[Elasticsearch] analyzer 기본 사용 방법

Yoon Yeoung-jin·2021년 8월 25일

Elasticsearch

목록 보기
3/3

elasticsearch analyzar

엘라스틱 서치에서는 형태소 분리 작업(tokenizer)와 이 단어들을 검색 가능하도록 가공(token filter)해주는 기능이 존재한다.

  • Tokenizer: 해당 단어를 분리 하는 작업
  • Token Filter: 분리된 단어들을 검색 가능하도록 가공하는 작업

이를 사용하는데 elasticsearch에서는 _analyze를 사용한다.

Tokenizer

from elasticsearch import Elasticsearch
es = Elasticsearch("<ip>:<port>")

Tokenizer의 기본 형식은 다음과 같다.

GET _analyze
{
  "tokenizer": "토크나이저 옵션",  
  "text": ["형태소 분리할 텍스트"]
}

tokenizer의 대표 옵션들은 다음과 같다.

  • whitespace : 스페이스바 단위로 분리 (.split(' ')와 동일)
  • standard : Unicode Text Segmentation algorithm을 기반으로 단어를 분리 시킨다. 공식 홈페이지에 따르면 가장 무난한 옵션이다.
  • letter : 특수문자들을 기준으로 분리한다.
  • lowercase : letter와 동일하게 특수문자들을 기준으로 분리한다. 그리고 분리시킨 단어들을 소문자로 출력한다.
  • uax_url_email : 메일 주소를 단일 토큰으로 인식한다는 점을 제외하면 standard와 동일하다.
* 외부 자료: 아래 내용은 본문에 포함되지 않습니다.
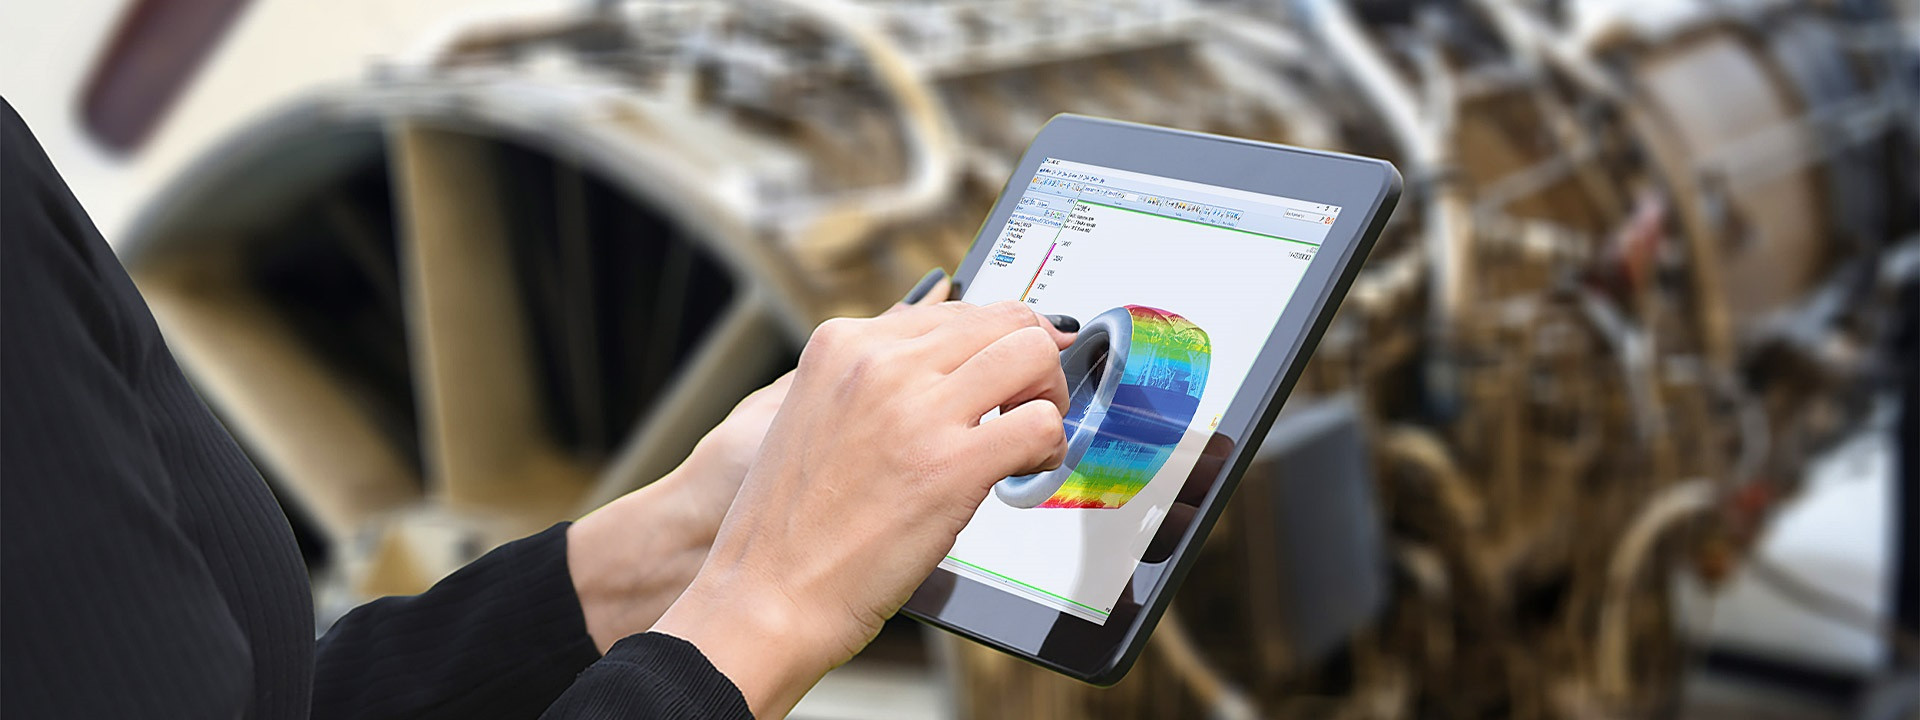 Transforming the Aerospace Industry with Smart Manufacturing and Design  Available On-Demand

이 외에 다른 옵션들을 https://www.elastic.co/guide/en/elasticsearch/reference/7.x/analysis-tokenizers.html 에서 볼 수 있다.

es.indices.analyze(
    body={
      "tokenizer": "whitespace",
      "text" : ["i love python "]
    }
)
C:\Users\User\Anaconda3\lib\site-packages\elasticsearch\connection\base.py:200: ElasticsearchWarning: Elasticsearch built-in security features are not enabled. Without authentication, your cluster could be accessible to anyone. See https://www.elastic.co/guide/en/elasticsearch/reference/7.13/security-minimal-setup.html to enable security.
  warnings.warn(message, category=ElasticsearchWarning)





{'tokens': [{'token': 'i',
   'start_offset': 0,
   'end_offset': 1,
   'type': 'word',
   'position': 0},
  {'token': 'love',
   'start_offset': 2,
   'end_offset': 6,
   'type': 'word',
   'position': 1},
  {'token': 'python',
   'start_offset': 7,
   'end_offset': 13,
   'type': 'word',
   'position': 2}]}
es.indices.analyze(
    body={
      "tokenizer": "standard",
      "text" : ["i love python "]
    }
)
C:\Users\User\Anaconda3\lib\site-packages\elasticsearch\connection\base.py:200: ElasticsearchWarning: Elasticsearch built-in security features are not enabled. Without authentication, your cluster could be accessible to anyone. See https://www.elastic.co/guide/en/elasticsearch/reference/7.13/security-minimal-setup.html to enable security.
  warnings.warn(message, category=ElasticsearchWarning)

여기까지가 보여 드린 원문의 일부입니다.